The simplest possible triple that you might expect to distill from that sentence is ('I', 'get', 'tour'), but even if you got that back, it wouldn’t convey that Dale Dougherty also got the tour, or that Mark Greuther was involved. The POS-tagged data should make it pretty clear that it’s not quite so straightforward to arrive at any of those interpretations, either, because the sentence has a very rich structure:

[(u'This', 'DT'), (u'morning', 'NN'), (u'I', 'PRP'), (u'had', 'VBD'), (u'the', 'DT'), 
(u'chance', 'NN'), (u'to', 'TO'), (u'get', 'VB'), (u'a', 'DT'), (u'tour', 'NN'), 
(u'of', 'IN'), (u'The', 'DT'), (u'Henry', 'NNP'), (u'Ford', 'NNP'), (u'Museum', 'NNP'), 
(u'in', 'IN'), (u'Dearborn', 'NNP'), (u',', ','), (u'MI', 'NNP'), (u',', ','), 
(u'along', 'IN'), (u'with', 'IN'), (u'Dale', 'NNP'), (u'Dougherty', 'NNP'), (u',', 
','), (u'creator', 'NN'), (u'of', 'IN'), (u'Make', 'NNP'), (u':', ':'), (u'and', 'CC'), 
(u'Makerfaire', 'NNP'), (u',', ','), (u'and', 'CC'), (u'Marc', 'NNP'), (u'Greuther', 
'NNP'), (u',', ','), (u'the', 'DT'), (u'chief', 'NN'), (u'curator', 'NN'), (u'of', 
'IN'), (u'the', 'DT'), (u'museum', 'NN'), (u'.', '.')]

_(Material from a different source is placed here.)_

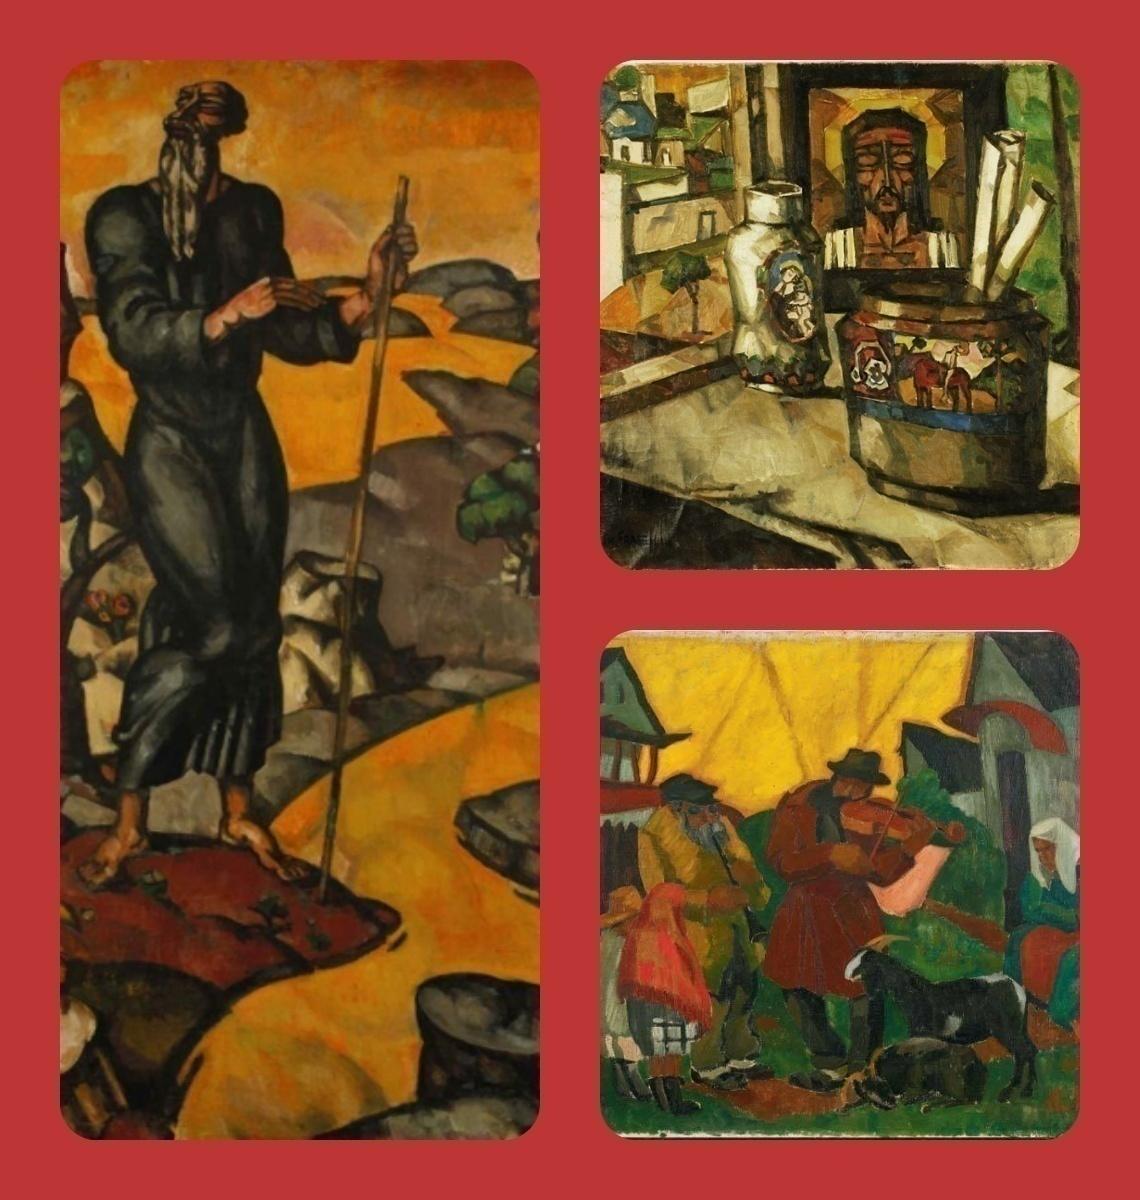 """""""Они вернулись!"""" - легендарную коллекцию работ одесских авангардистов спасли, выкупили и показывают"""

It’s doubtful whether even a state-of-the-art solution would be capable of emitting meaningful triples in this case, given the complex nature of the predicate “had a chance to get a tour”, and that the other actors involved in the tour are listed in a phrase appended to the end of the sentence. Strategies for constructing these triples are well outside the scope of this book, but in theory, you should be able to use reasonably accurate POS tagging information to take a good stab at it. The difficulty of this task was pointed out not to discourage you, but to provide a realistic view of the complexity of NLP in general so that you know what you’re getting into when you decide to tackle the problem of computing triples for the general case. It can be a lot of work, but the results are well worth it.

All that said, the good news is that you can actually do a lot of interesting things by distilling just the entities from text and using them as the basis of analysis, as demonstrated earlier. You can very easily produce triples from text on a per-sentence basis, where the “predicate” of each triple is a notion of a generic relationship signifying that the subject and object “interacted” with one another. Example 8-7 is a refactoring of Example 8-5 that collects entities on a per-sentence basis, which could be quite useful for computing the interactions between entities using a sentence as a context window.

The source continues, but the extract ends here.